(Collected data entries)

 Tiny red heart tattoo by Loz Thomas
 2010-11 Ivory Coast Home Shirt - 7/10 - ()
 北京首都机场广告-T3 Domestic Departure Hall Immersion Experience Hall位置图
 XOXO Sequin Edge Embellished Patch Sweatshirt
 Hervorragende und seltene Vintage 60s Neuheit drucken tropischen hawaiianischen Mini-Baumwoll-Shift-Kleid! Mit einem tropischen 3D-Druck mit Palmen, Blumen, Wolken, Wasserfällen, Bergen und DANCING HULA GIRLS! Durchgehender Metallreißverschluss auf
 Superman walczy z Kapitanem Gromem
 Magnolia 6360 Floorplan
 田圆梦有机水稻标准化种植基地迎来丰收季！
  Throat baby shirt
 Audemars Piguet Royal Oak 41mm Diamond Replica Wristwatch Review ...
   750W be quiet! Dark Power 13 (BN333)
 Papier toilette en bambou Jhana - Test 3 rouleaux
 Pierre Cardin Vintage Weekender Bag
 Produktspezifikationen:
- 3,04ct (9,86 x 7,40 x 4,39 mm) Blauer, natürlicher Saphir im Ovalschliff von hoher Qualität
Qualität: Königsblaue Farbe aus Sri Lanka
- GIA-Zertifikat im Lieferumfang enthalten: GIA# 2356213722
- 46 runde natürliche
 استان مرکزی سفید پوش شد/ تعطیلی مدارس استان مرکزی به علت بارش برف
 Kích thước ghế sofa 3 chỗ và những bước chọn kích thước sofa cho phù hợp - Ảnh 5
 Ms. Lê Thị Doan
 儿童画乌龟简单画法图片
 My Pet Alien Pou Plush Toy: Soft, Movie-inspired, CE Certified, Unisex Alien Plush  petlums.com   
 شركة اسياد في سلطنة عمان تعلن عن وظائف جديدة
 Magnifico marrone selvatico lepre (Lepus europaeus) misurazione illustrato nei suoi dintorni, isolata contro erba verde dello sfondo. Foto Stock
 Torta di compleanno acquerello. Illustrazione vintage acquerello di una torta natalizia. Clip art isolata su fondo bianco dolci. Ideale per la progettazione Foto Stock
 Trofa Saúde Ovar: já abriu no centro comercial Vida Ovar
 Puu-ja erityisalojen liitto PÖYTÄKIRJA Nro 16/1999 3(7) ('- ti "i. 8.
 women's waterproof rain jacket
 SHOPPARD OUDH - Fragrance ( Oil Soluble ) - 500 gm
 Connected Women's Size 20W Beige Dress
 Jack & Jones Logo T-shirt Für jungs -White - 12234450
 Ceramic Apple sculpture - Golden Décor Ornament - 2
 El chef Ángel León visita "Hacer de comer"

- PROBLEM REQUIREMENTS
Starting at the line above that holds "Kích thước ghế" and ending at the line that holds "Trofa Saúde Ovar: já", transcribe each line exactly and include no other lines.

- TASK SOLUTION
 Kích thước ghế sofa 3 chỗ và những bước chọn kích thước sofa cho phù hợp - Ảnh 5
 Ms. Lê Thị Doan
 儿童画乌龟简单画法图片
 My Pet Alien Pou Plush Toy: Soft, Movie-inspired, CE Certified, Unisex Alien Plush  petlums.com   
 شركة اسياد في سلطنة عمان تعلن عن وظائف جديدة
 Magnifico marrone selvatico lepre (Lepus europaeus) misurazione illustrato nei suoi dintorni, isolata contro erba verde dello sfondo. Foto Stock
 Torta di compleanno acquerello. Illustrazione vintage acquerello di una torta natalizia. Clip art isolata su fondo bianco dolci. Ideale per la progettazione Foto Stock
 Trofa Saúde Ovar: já abriu no centro comercial Vida Ovar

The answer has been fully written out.